Work item: Please print, exactly as written, the line containing "Apa Itu Kartu" and each line after it through the end of the material; pictures stay out.

Provided data:
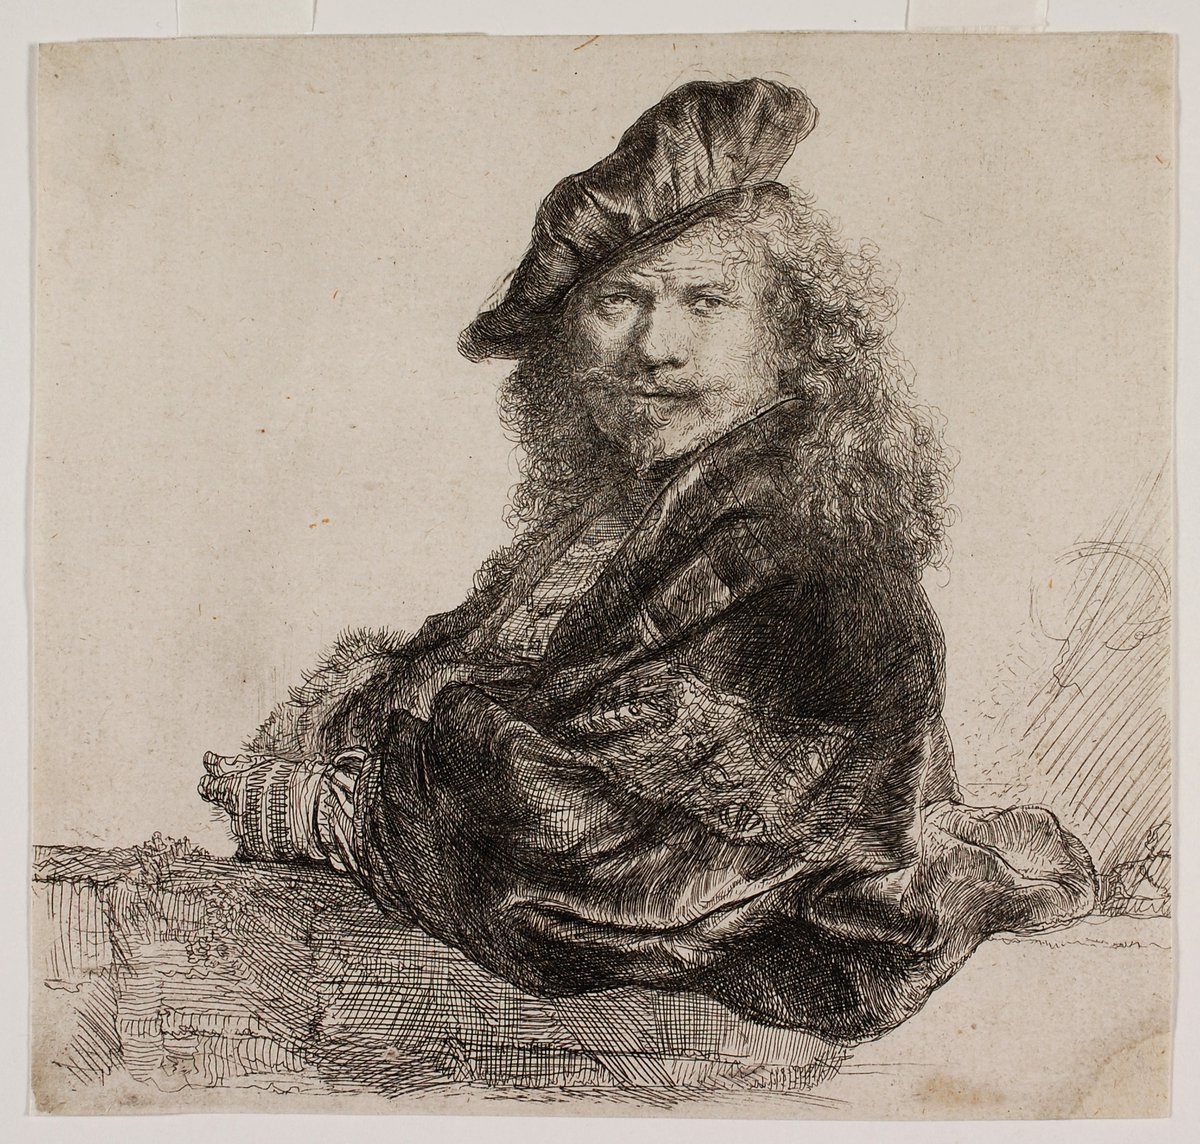 Getekend zelfportret. Rembrandt draagt een schuine baret, heeft lange golvende haren, een snor en een baard.
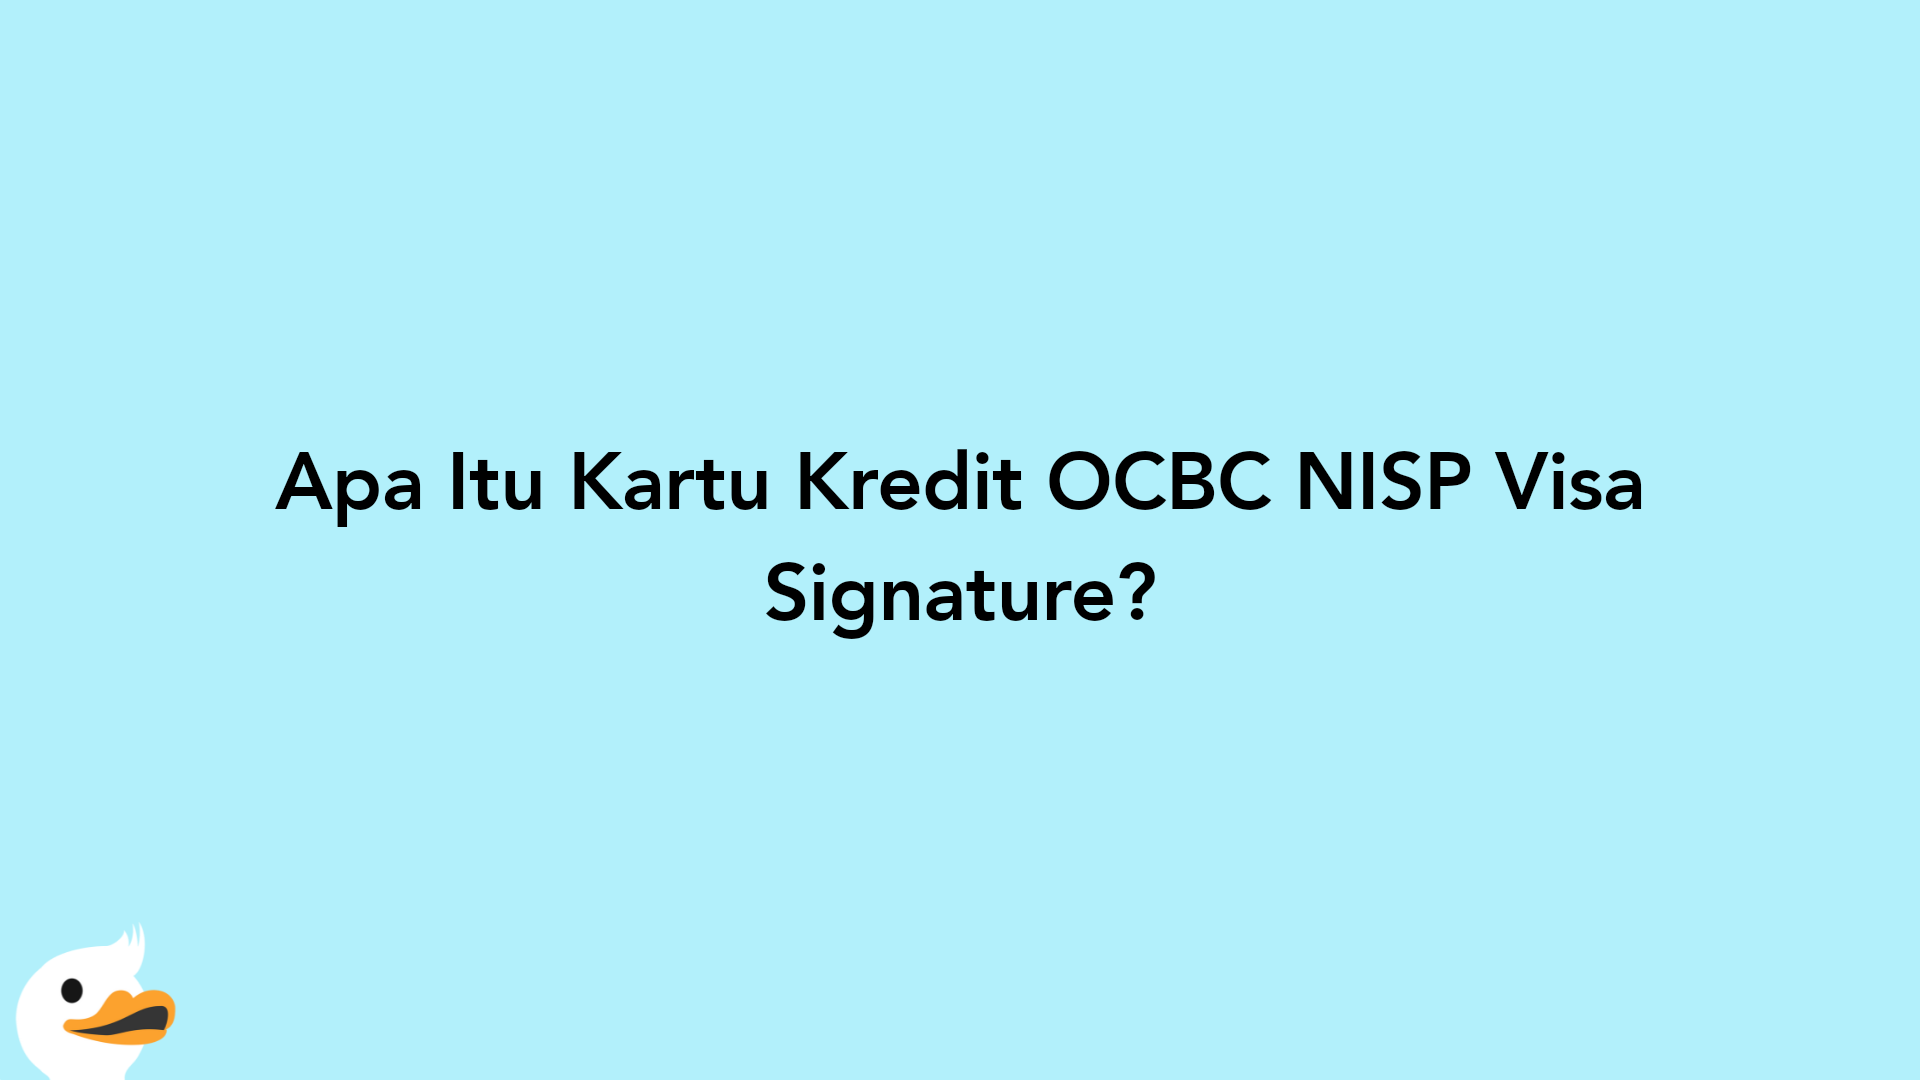 Apa Itu Kartu Kredit OCBC NISP Visa Signature?
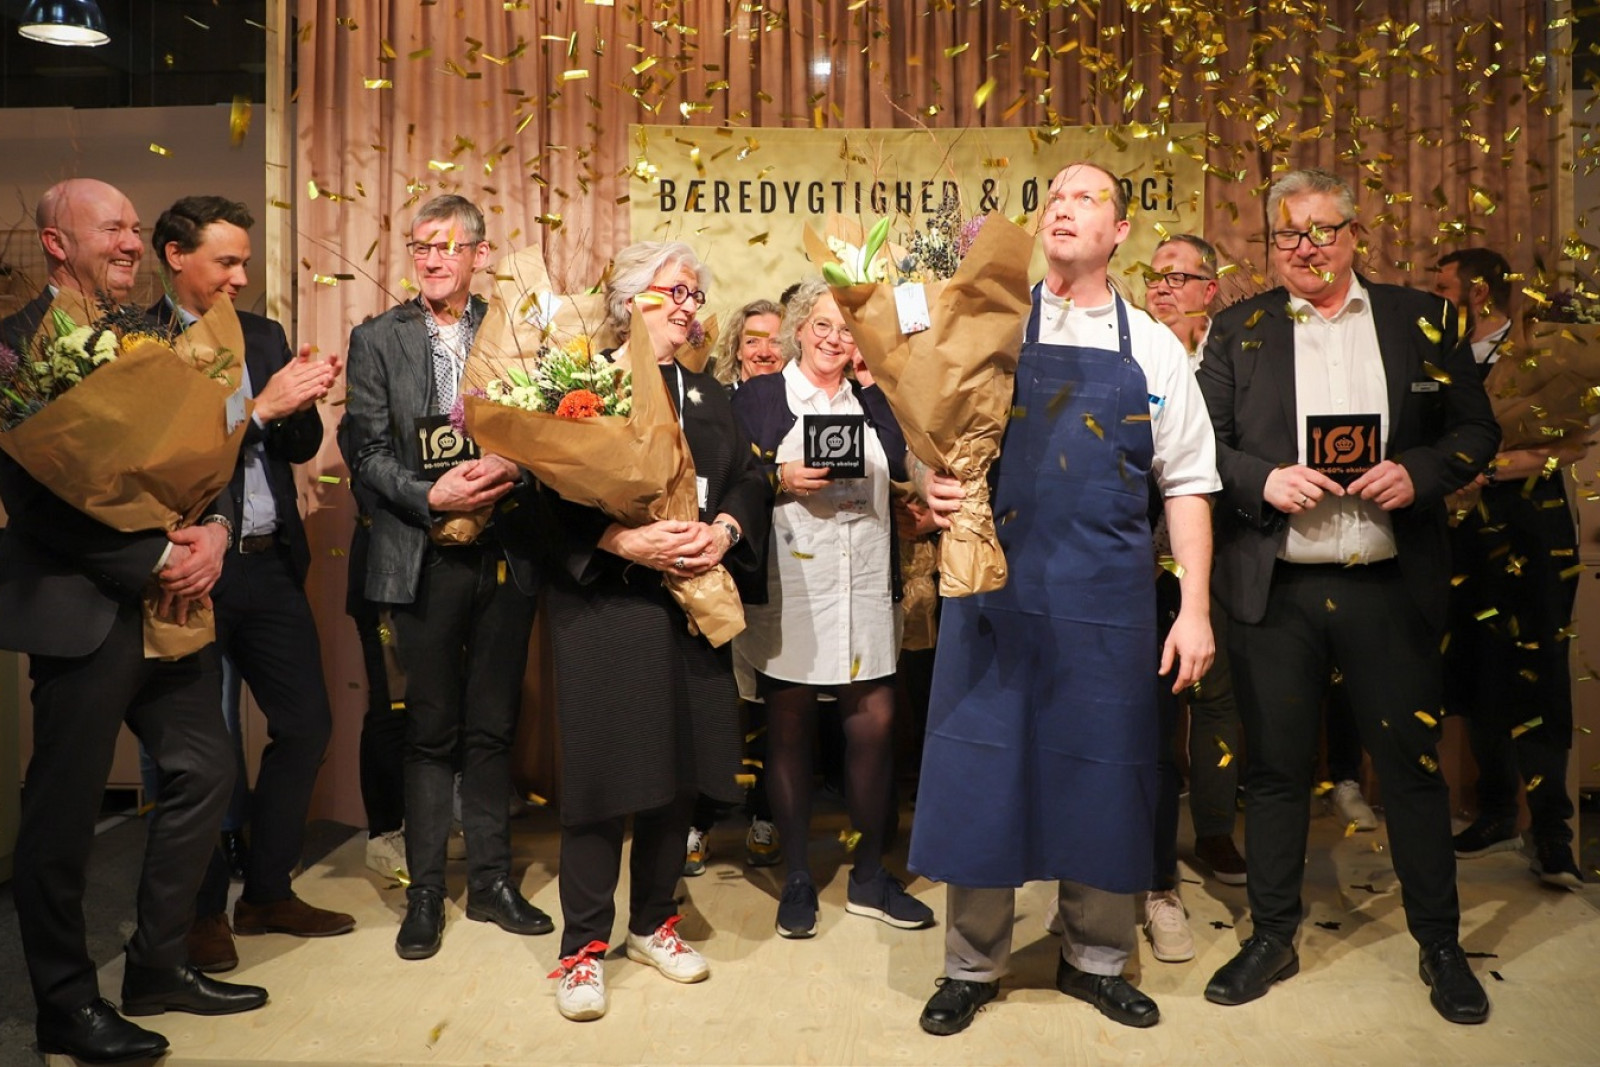 Guldkonfetti drysser ned over de ansatte fra køkkenerne, som bliver hyldet på scenen på Foodexpo

Finished exercise:
 Apa Itu Kartu Kredit OCBC NISP Visa Signature?
 Guldkonfetti drysser ned over de ansatte fra køkkenerne, som bliver hyldet på scenen på Foodexpo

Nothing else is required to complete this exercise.